Pauling’s Rules grew from an understanding of chemistry and physics, but also involved
a new passion of Pauling’s: model building. His interest in the structure of molecules
led naturally to an approach based on the visualization of those structures. Pauling
thought of molecules in three dimensions. While in Germany he had seen some elegant
models of molecules made of wooden balls and wires, and he brought home an understanding
of the value of accurate model-building.
In his attack on complex crystal structures, Pauling combined his Rules with model-building.
He knew for example that oxygen atoms in crystals often formed an octahedron, a cube-shaped
arrangement, with other elements. Carbon formed tetrahedra. Sodium and chlorine took
a cube-shaped arrangements in table salt. With these basic building-block shapes in
mind, Pauling used his Rules to determine how they fit together, whether they shared
a side or a face or a point. He began doodling pictures and then, with Ava Helen’s
help, started folding three-dimensional shapes out of paper and sewing them together.
These paper models helped him tremendously: He could now see what fit and what did
not, and could try new combinations again and again.

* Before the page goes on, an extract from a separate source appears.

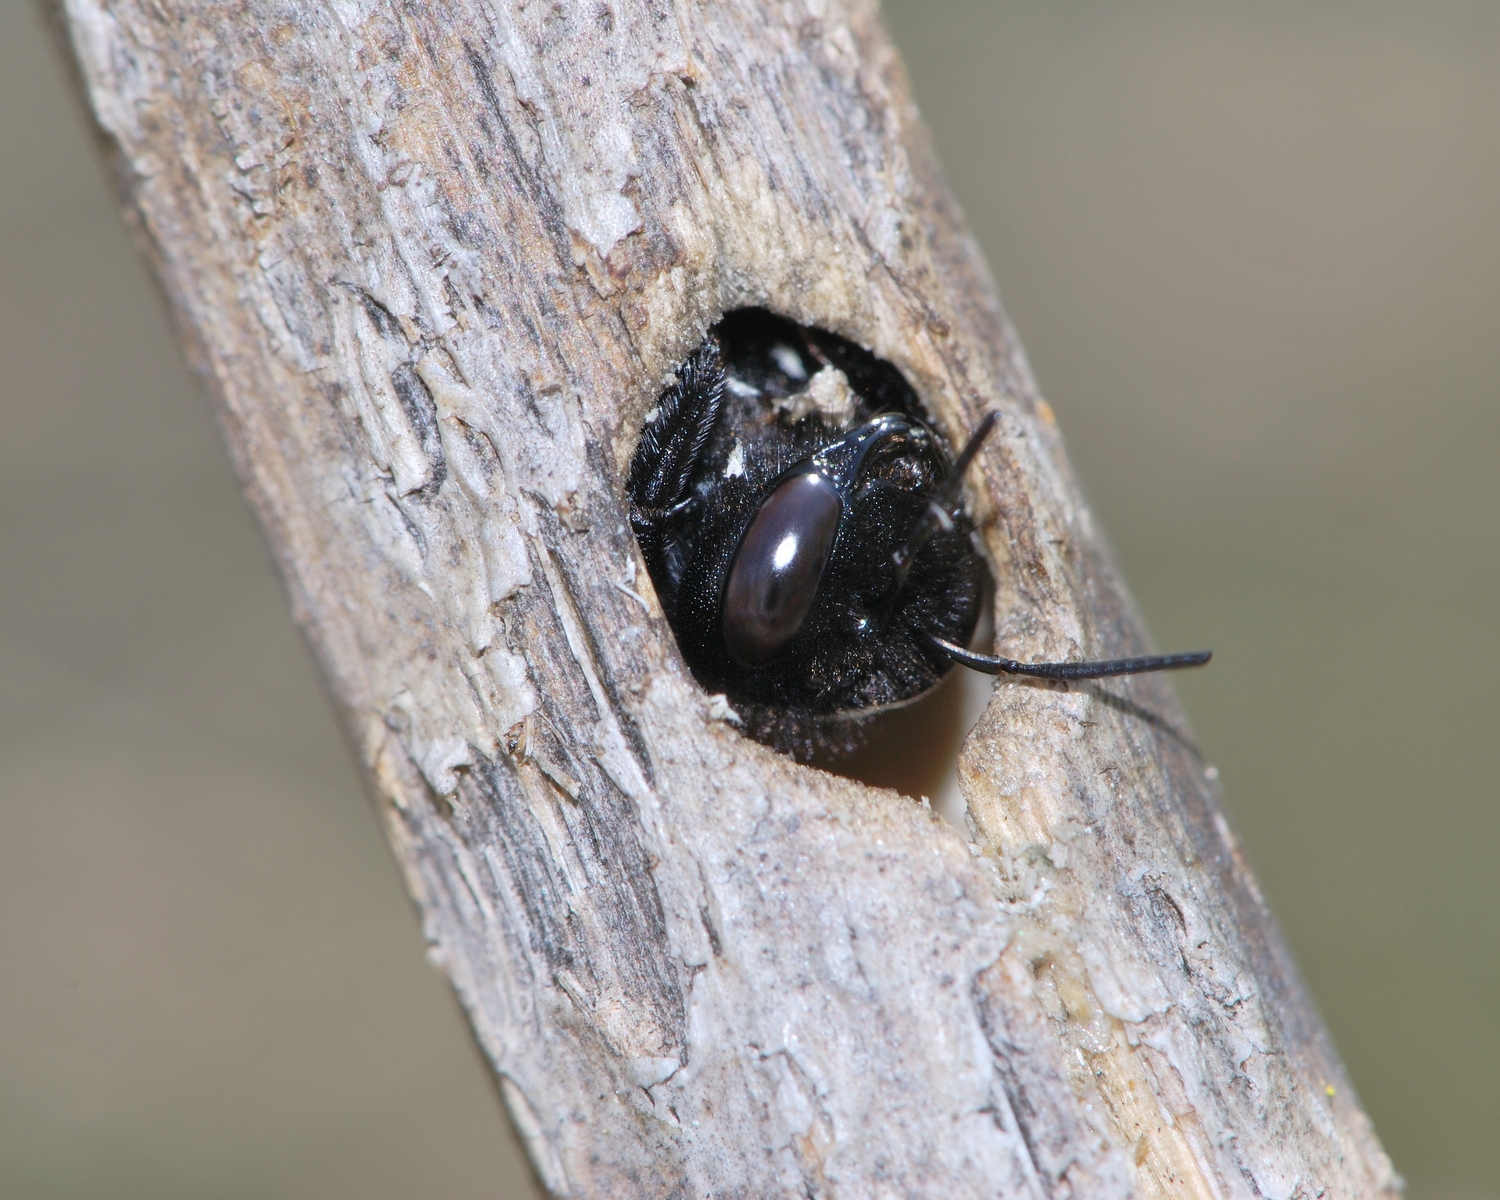 Many solitary bee species overwinter in hollow stems.  GIDEON PISANTY, CC BY-SA 3.0 DEED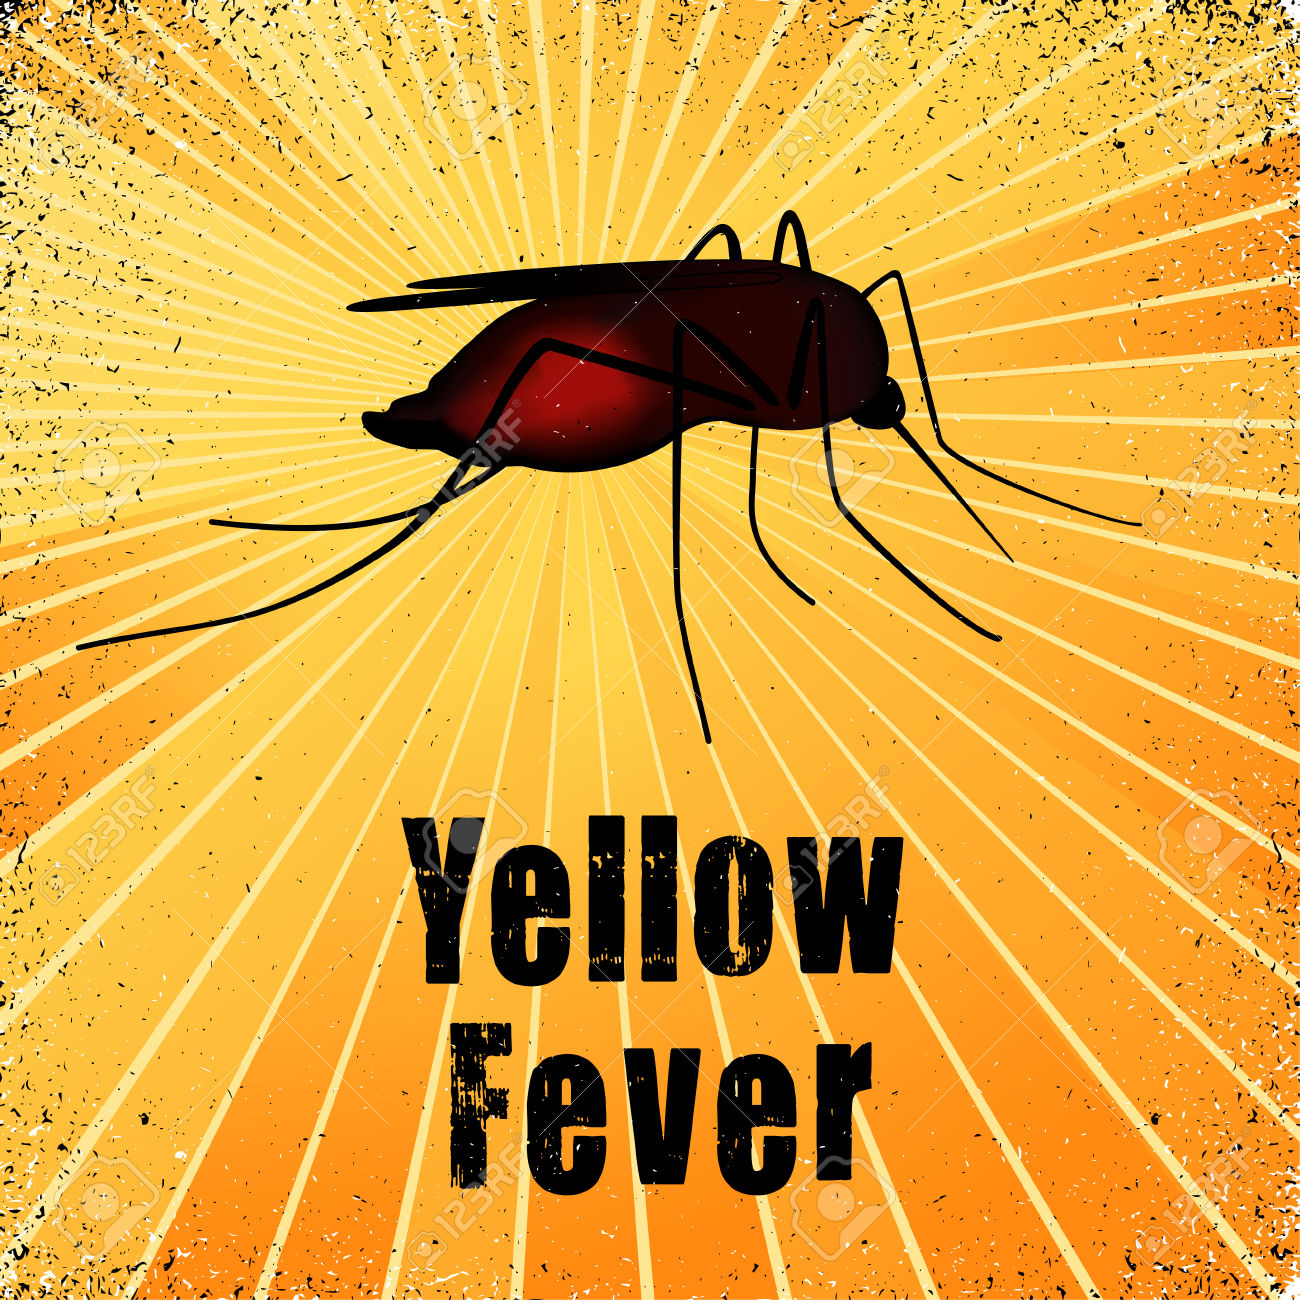 Yellow Fever in Brazil (update) 9/3/17 - Global Health Travel Clinic

The models were made painstakingly, using what was known about the sizes of atoms
and ions, fitting what was known about bond lengths and angles from x-ray crystallography
studies, matching the dictates of Pauling’s Rules.
When he created a model that seemed to fit all the data, he could work backwards,
judging what sort of complex x-ray pattern his model might create instead of using
the x-ray pattern to determine the structure.
In later years, Pauling frequently collaborated with a talented artist named Roger Hayward to illustrate Pauling's ideas on the shapes and orientations of atoms and molecules.